The last piece of twine
search
OpinionGuest columnist

The last piece of twine

This Chanukah is one of the last experiences we have to learn to let go, allowing my son to run toward the next part of his adventure.

kim rullo
Kim Rullo ponders the significance of the last piece of twine. Photo by Kim Rullo
Kim Rullo ponders the significance of the last piece of twine. Photo by Kim Rullo

I didn’t realize it was looming.

It was just a ball of twine woven around a cardboard roll. It should have meant nothing. Instead, as I wrapped what seemed like my 200th gift basket for another fundraiser, that roll of twine became the ending to a beginning.

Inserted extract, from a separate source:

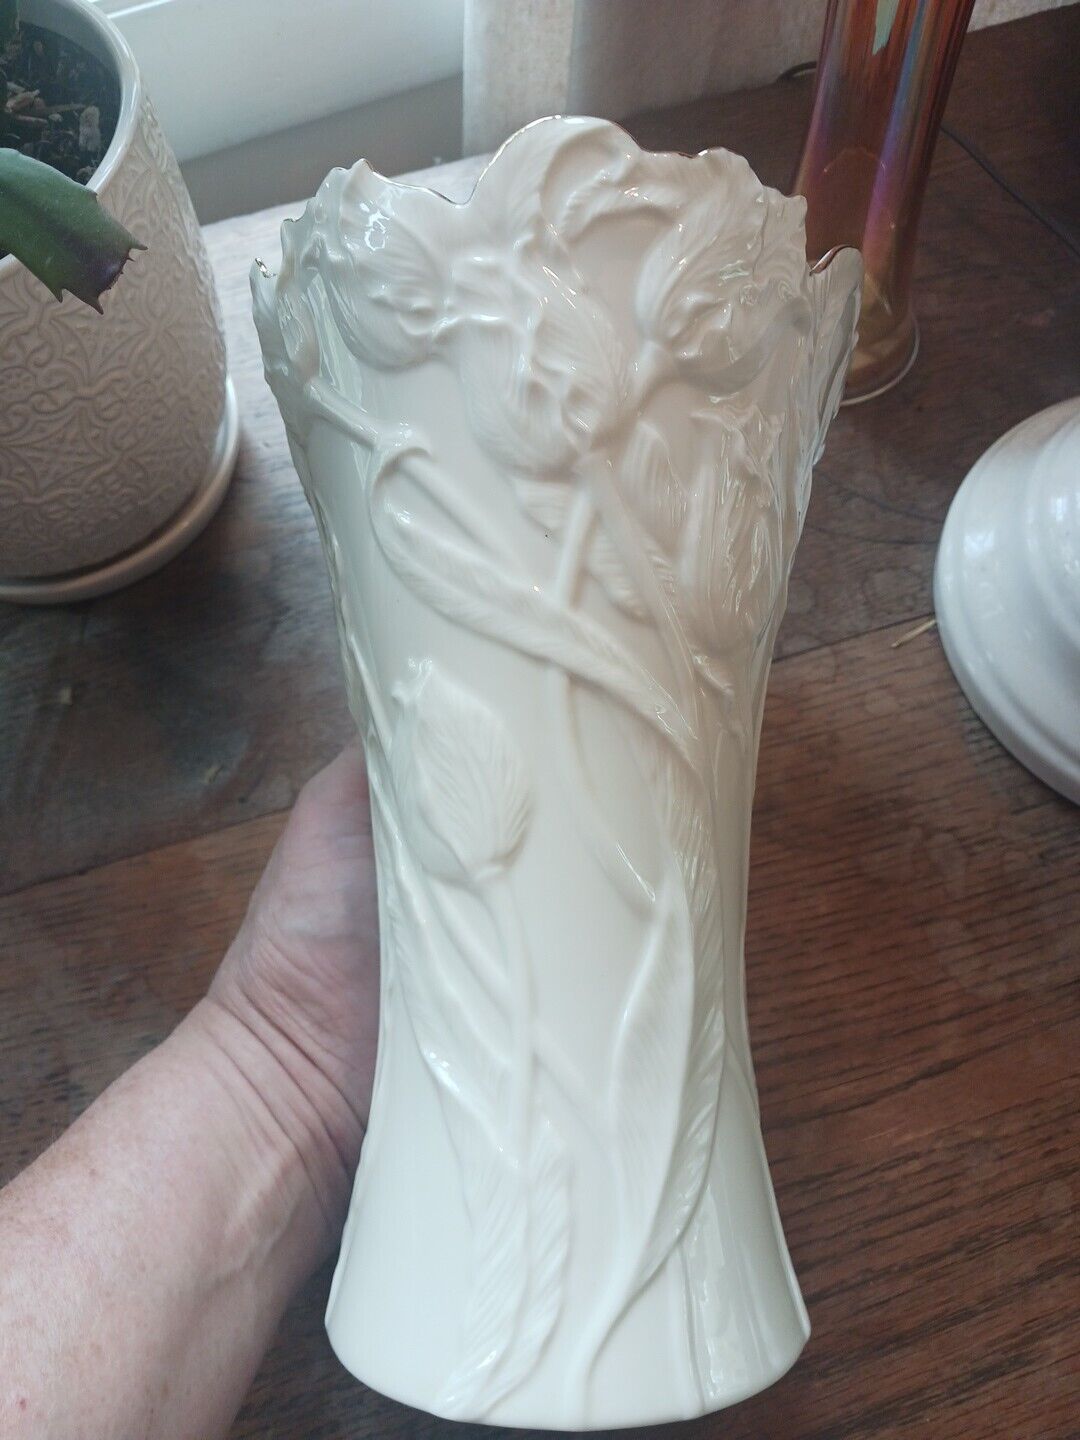 LENOX Ivory Tulip 9.25” Tall Gold Trim Scalloped Vase Mint Condition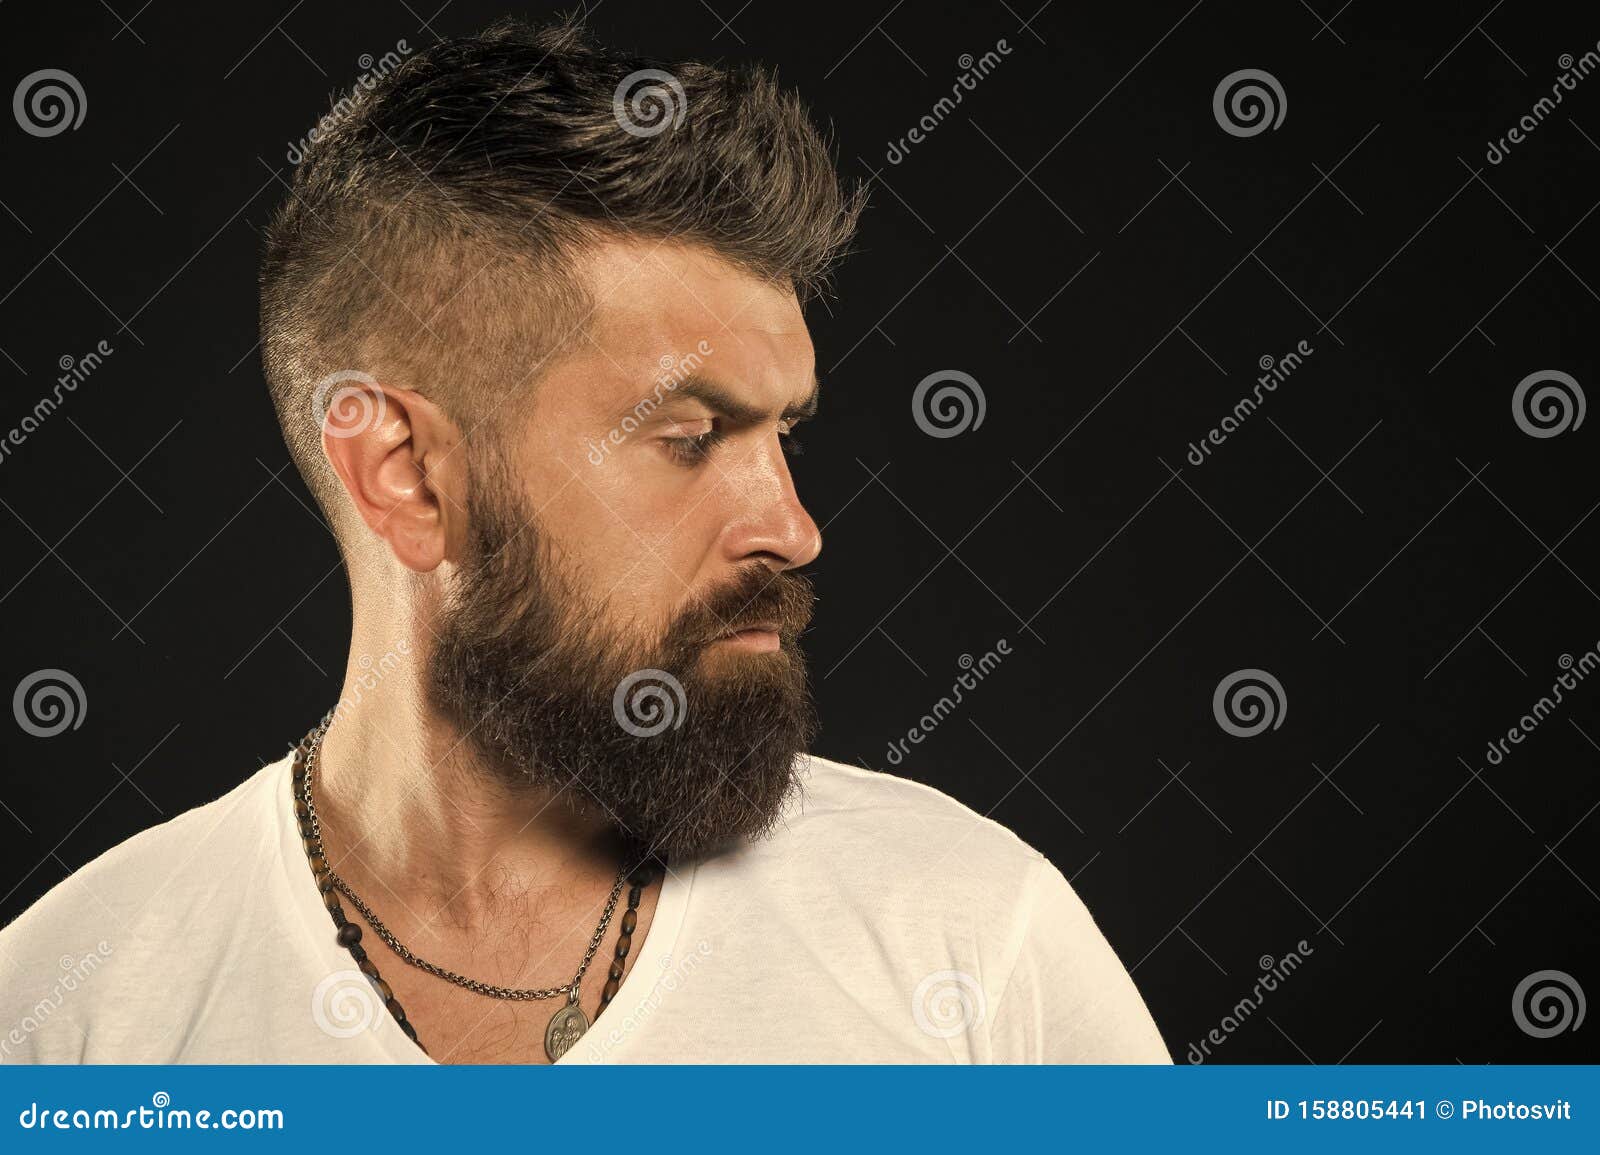 His Beard is Styled Appropriately. Brutal Hipster with Textured Beard Hair  on Black Background Stock Image - Image of shape, bushy: 158805441

The roll of twine is 12 years old. It’s easy to remember because I bought it when my son started kindergarten and I began volunteering for the school’s Parent Faculty Organization. I used it to bind gift baskets for various craft projects and for his bar mitzvah.

The cardboard roll made its appearance a few weeks before Chanukah this year — the last Chanukah our son, Jack, will be exclusively ours — as I came to the last piece of twine.

My husband and I spent the past 18 years learning to let go a little at a time. I read somewhere that observing your child grow up is akin to slowly watching them run away from you and toward something — to all things possible. This Chanukah is one of the last experiences we have to learn to let go, allowing my son to run toward the next part of his adventure.

“I read somewhere that observing your child grow up is akin to slowly watching them run away from you and toward something else.” Photo by Kim Rullo.

Jack was born a few weeks prematurely. His father and I used to have to feed him teaspoons of formula while fighting to keep him awake. He grew quickly, and we learned to give up those early feeding struggles easily.

During Jack’s early years, I worked freelance from home. Jack sat on my lap and would even join my meetings. I still feel the vacant spot on my lap.

Jack eventually moved from my lap to the other side of the room. He sat at his dad’s desk and typed on the keyboard, learning his letters with less and less assistance. That time together ended when he started school and I had to give up my temporary office mate.

It was then that I bought the twine. I spent hours at PFO meetings and sitting behind booths at various functions. With each slice of the scissors, cutting twine for gift baskets or crafts, a bit of time was shaved from our time with our son.

Elementary school basket-wrapping quickly turned into middle school projects, art projects, makeshift posterboard presentations and bar mitzvah favors. Art has always played an essential role in my relationship with my son. Twine was the tie that bound.

We spent close to a year, several times a week, learning to chant the Torah together for his bar mitzvah. Jack picked up the Hebrew a little quicker than I did, but there were spots where my ear for music and melody was needed. When he stood before the congregation and perfectly chanted his portion and the Shabbat prayers, his pace was quicker than I could follow. His final note came too abruptly for me.

By high school, he was spending more time with friends and less time with us. I didn’t realize at the time that we were all learning to separate then, as well.

The twine I used so regularly, that had bound the two of us without either of us knowing, was thrown into a beat-up cabinet I inherited from my mother. The kind of brown, wooden, 1960s Sears cabinet, which was a little too large than it needed to be. The twine sat in that cabinet along with extra tea candles from our wedding, unused modeling clay and a glue gun that Jack and
I had used for various projects. It was a holder of memories that I forgot I had stored away.

I knew the meaning of the cabinet’s contents. Memories are little pieces of ourselves we leave behind as we become the people we are. I’ve watched Jack grow from an infant to a child to a young man. Sometimes I’ve participated in that growth; other times, he pushed me away. But I know I have opportunities left to share in his growth.

This Chanukah, I can’t help but think that in the circle of annual life cycle events, this is the last Chanukah where my son is this adolescent version of himself. We’ll always be mother and child, but that change matters. When the twine is completely unrolled from its cardboard core, both remain, but the relationship is forever different. I would never want to rewind that string; sometimes, though, I wish I had paid more attention or moved a little more slowly when unrolling it from its core.

Jack will soon be 18 — a significant Jewish number. I recognize that this twining melancholy is part of the beauty of life and parenthood, like a slowly unwoven spool, giving pieces of us away. I always knew this time would come. Hopefully though, the unrolled twine built a tapestry of memories bringing joy and growth. Eighteen, a lifetime. Eighteen: L’chaim, to life. PJC

Kim Rullo is communications manager and an associate at Rothschild Doyno Collaborative. She is a conceptual artist and photographer who has curated work in the Pittsburgh Cultural District and has had several art shows throughout the city.